Collected data —
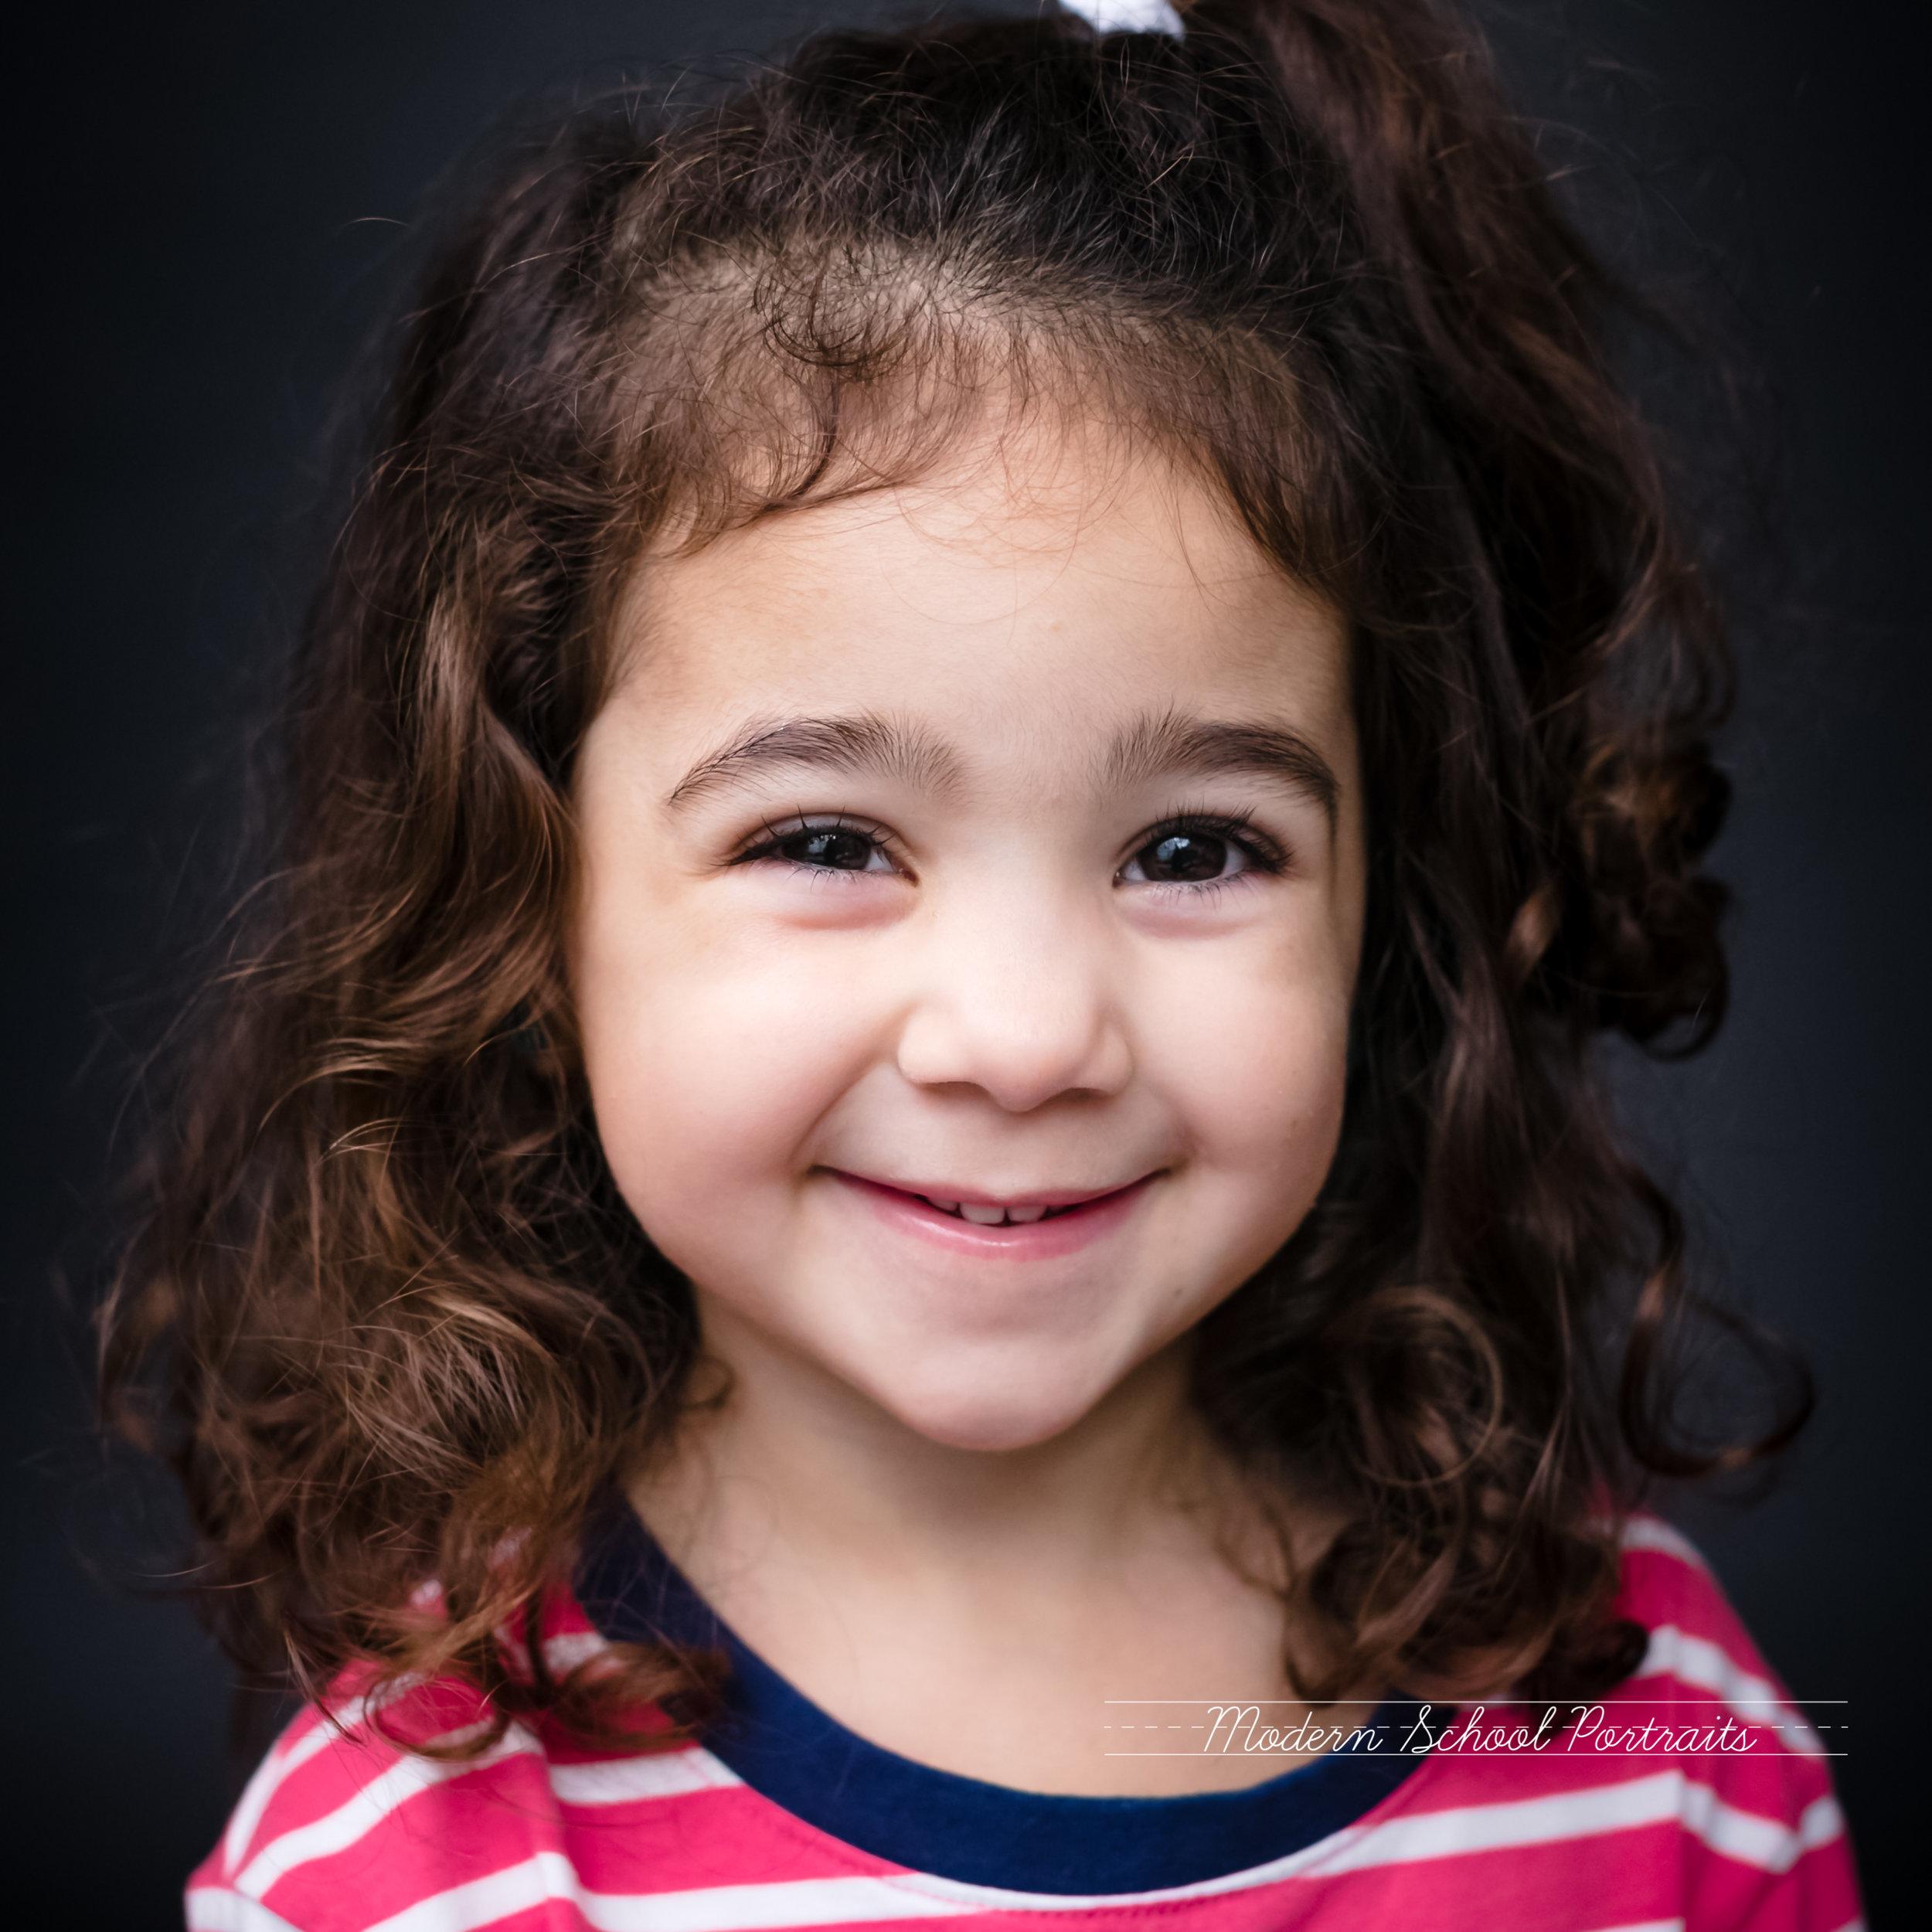 CHICAGO MODERN SCHOOL PORTRAITS PRESCHOOL HISPANIC TODDLER CURLY HAIR GIRL FINE ART PICTURE DAY.jpg
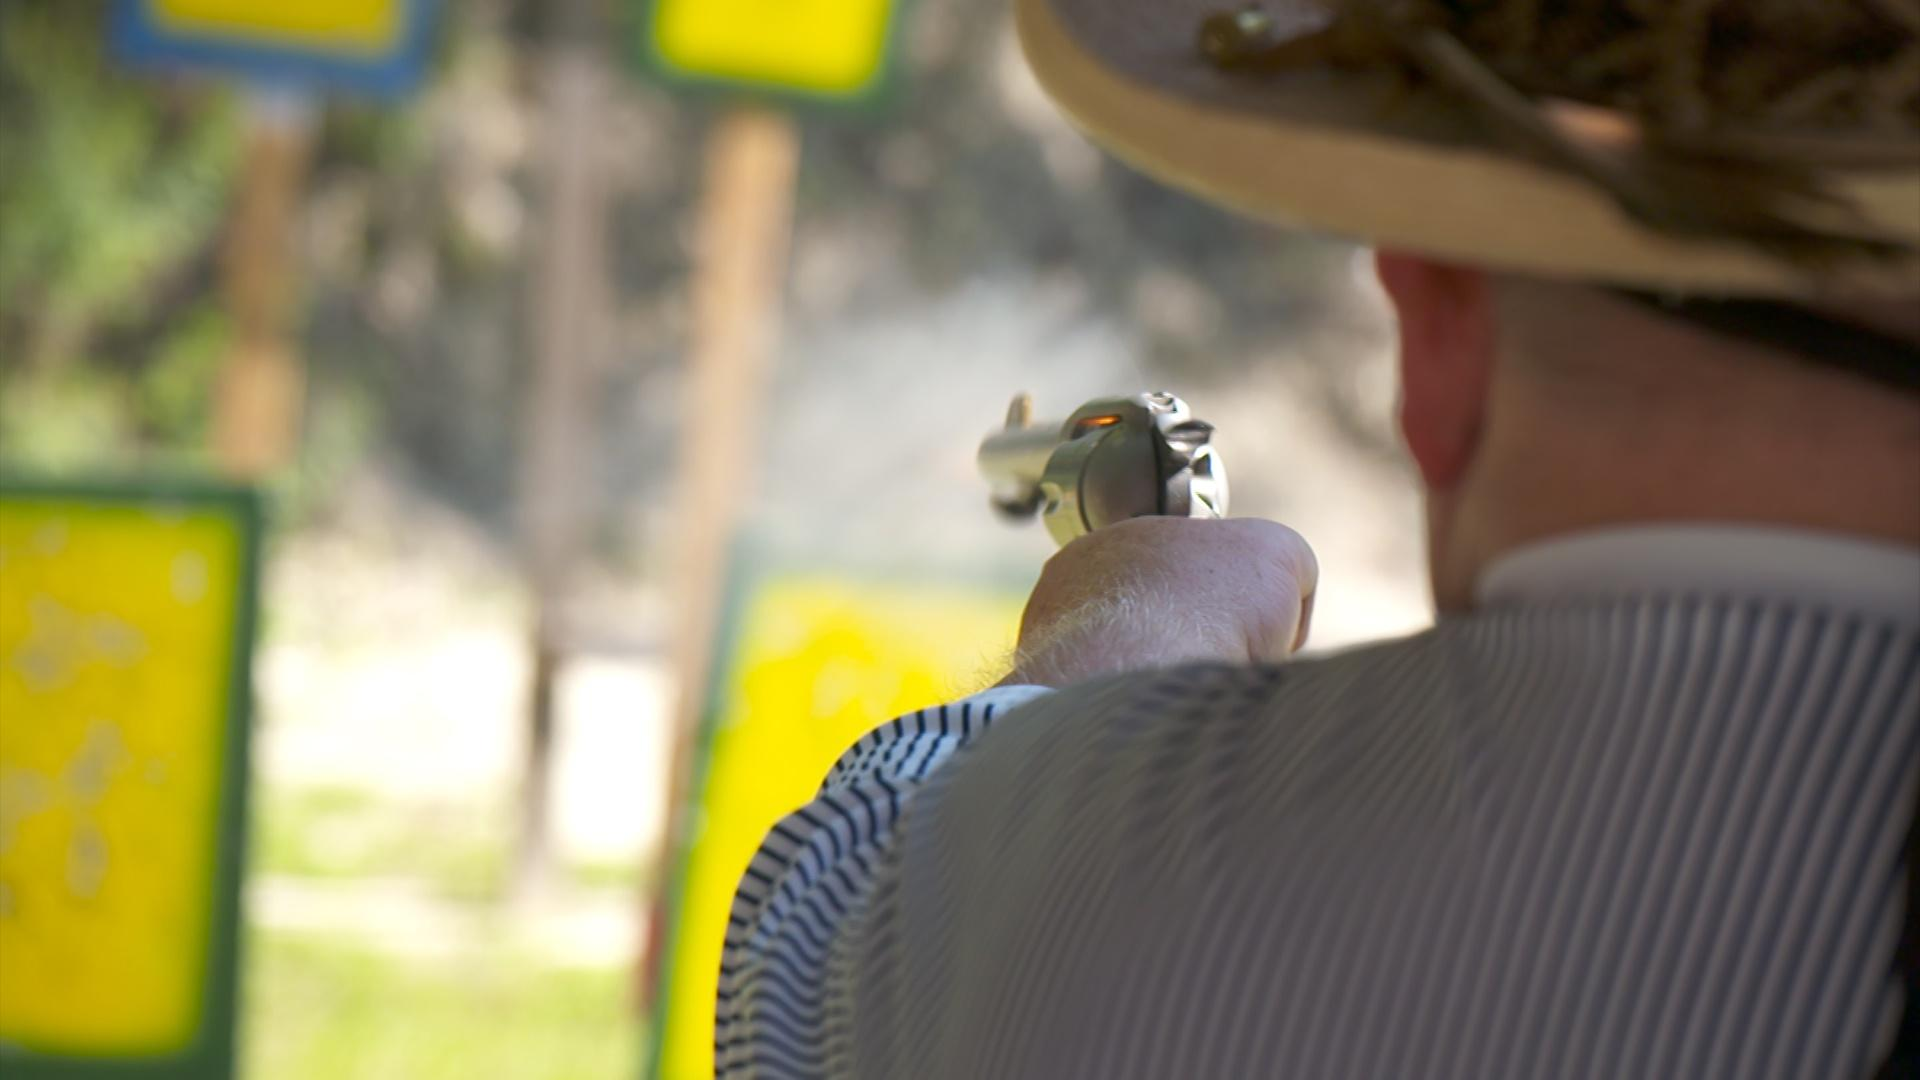 Cowboy action Shooting!
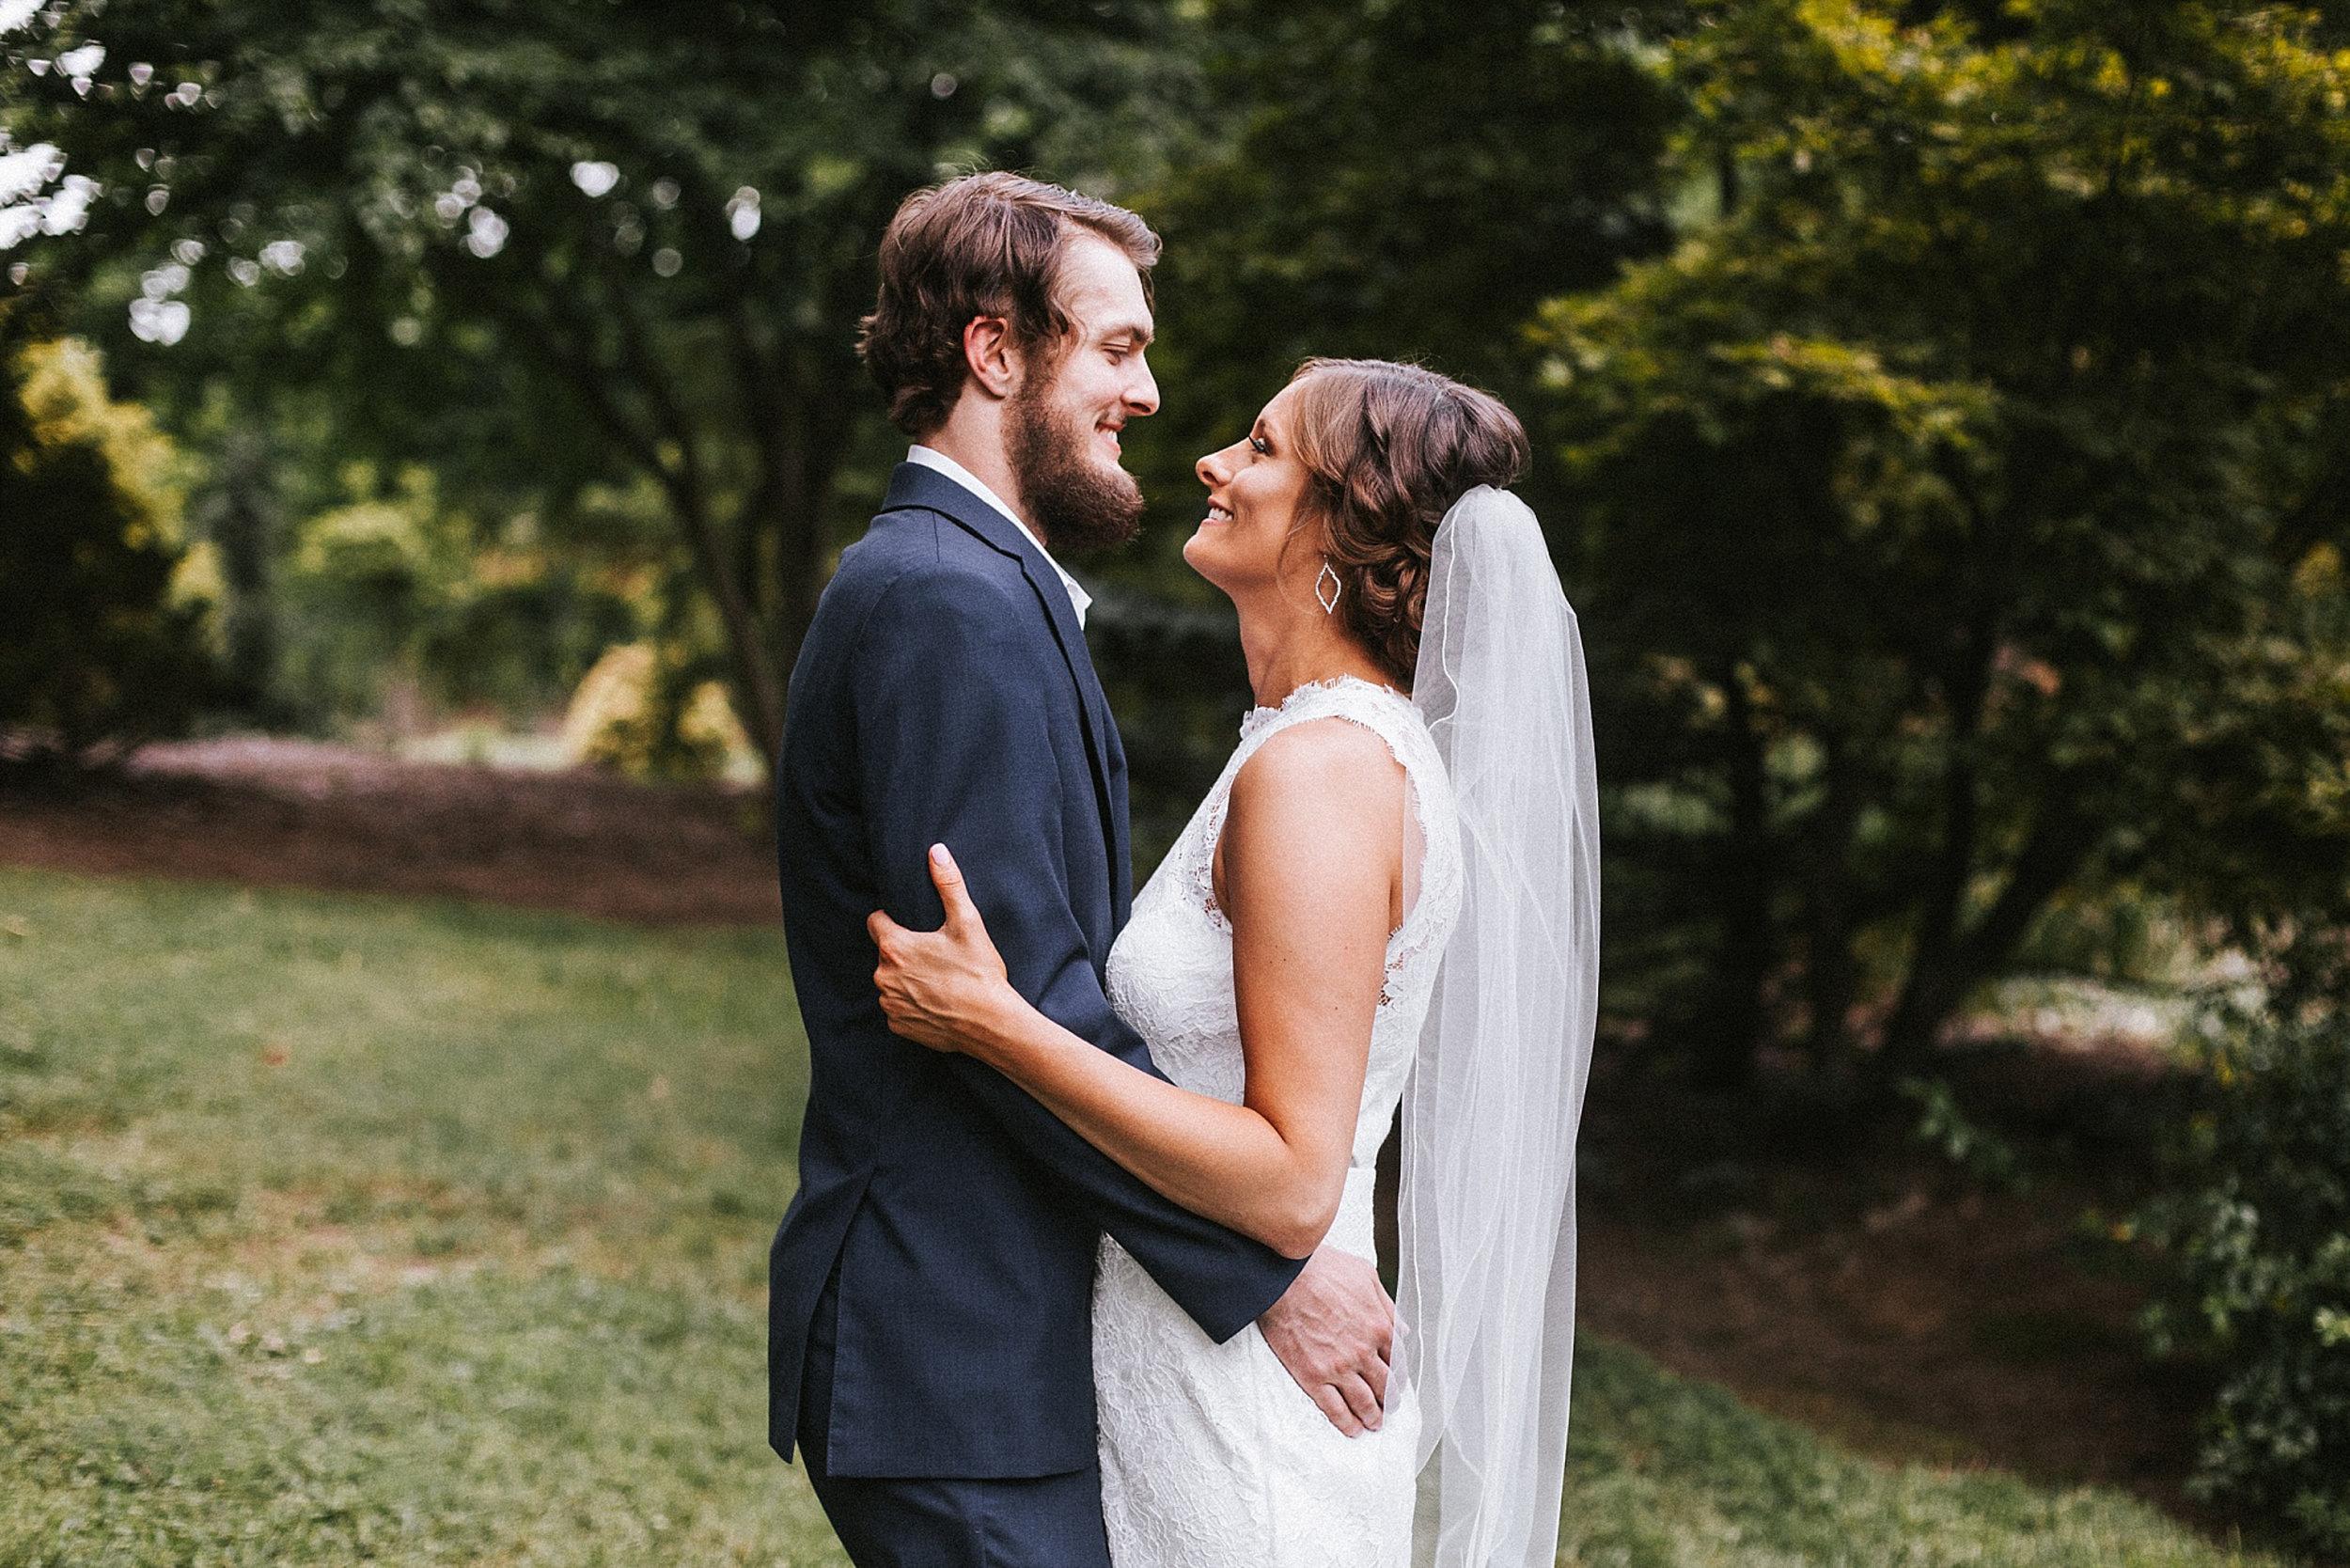 Brooke Townsend Photography - Ohio Wedding Photographer (23 of 78).jpg

Exercise goal —
Your copy should hold exactly the lines from the one that contains "Cowboy action Shooting!" through the final line of the data, both ends included, and no pictures.

Answer box —
 Cowboy action Shooting!
 Brooke Townsend Photography - Ohio Wedding Photographer (23 of 78).jpg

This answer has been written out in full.